= Robert Barry (merchant) =

Robert Barry (c. 1759 – 3 September 1843) was a teacher and merchant, among other pursuits, who became an important figure in Nova Scotia.

Barry was born in Scotland, raised in England and came to North America as an impressed sailor who escaped his ship in New York in about 1774. Little is known about his life there other than he was in a business partnership, he was a participant in Methodist services at the John Street Chapel and formed a friendship with the Reverend Charles Inglis, the rector of Trinity Church where he was a regular communicant.

In 1783, Barry was part of a large group of loyalists, including many Methodists, who left New York and ended up in Nova Scotia. In Shelburne he taught school and then became involved in a very successful partnership with his brother in Liverpool. They were involved in West Indies fish, lumber, sugar, and rum trade, as well as agricultural produce. British dry goods were imported for sale in Nova Scotia and stores were operated in many locations.
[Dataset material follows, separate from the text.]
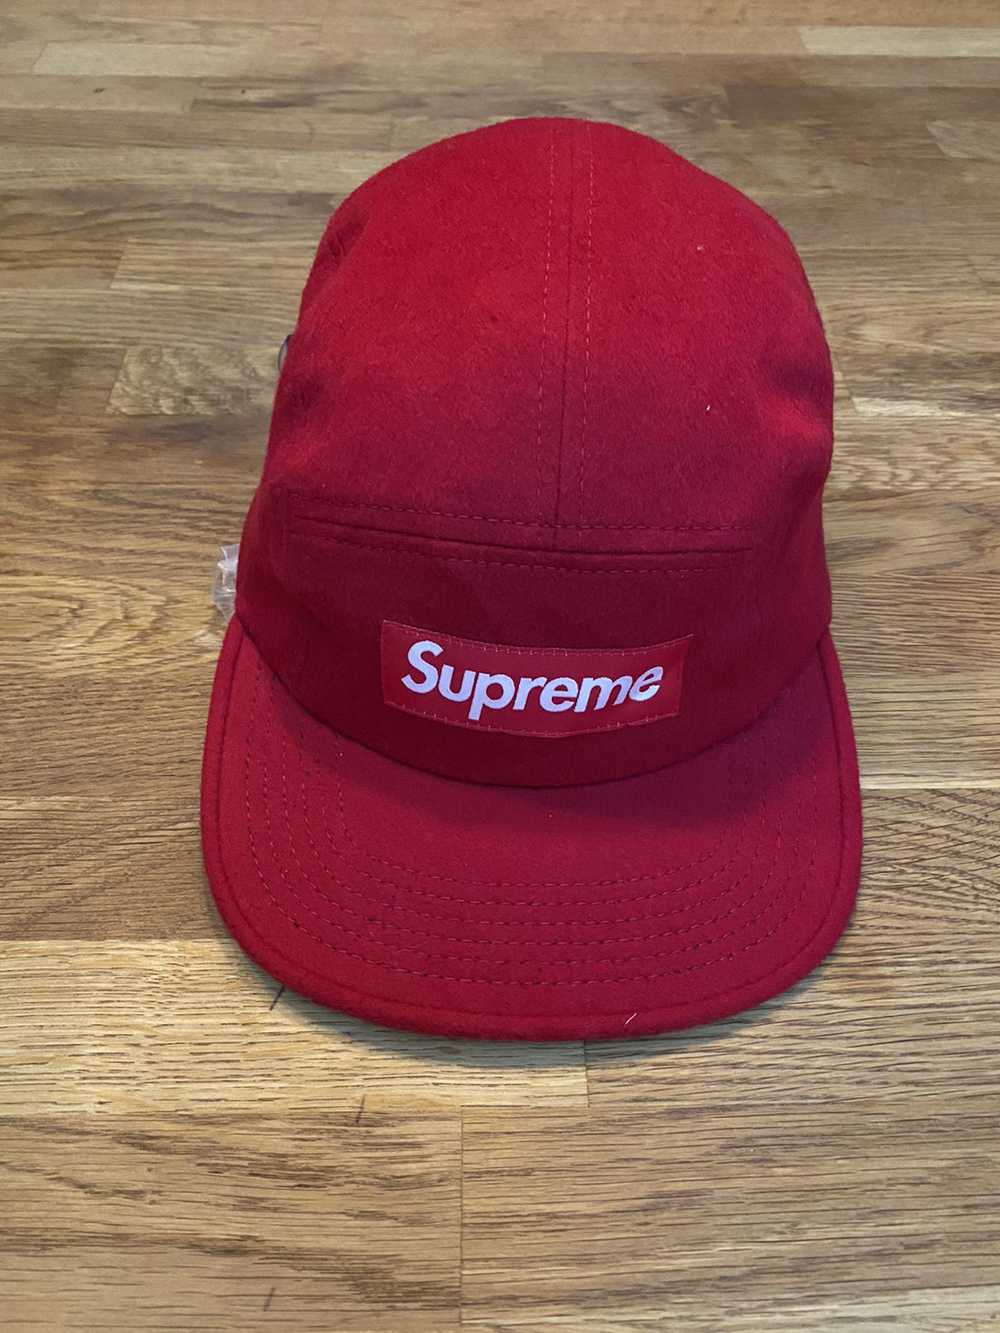 Supreme Supreme red camp cap - Gem

They serviced these with a small fleet of vessels in which they had a substantial interest.

Barry had four sons, all of whom were successful in business in the colony. His one son, John Alexander Barry married a daughter of William Black, a prominent Methodist minister and was elected to the 13th General Assembly of Nova Scotia. Robert's Methodism contributed to the family's success by providing close business ties within the colony. His life is a good example of the importance that evangelical Protestantism had in that area of Canada.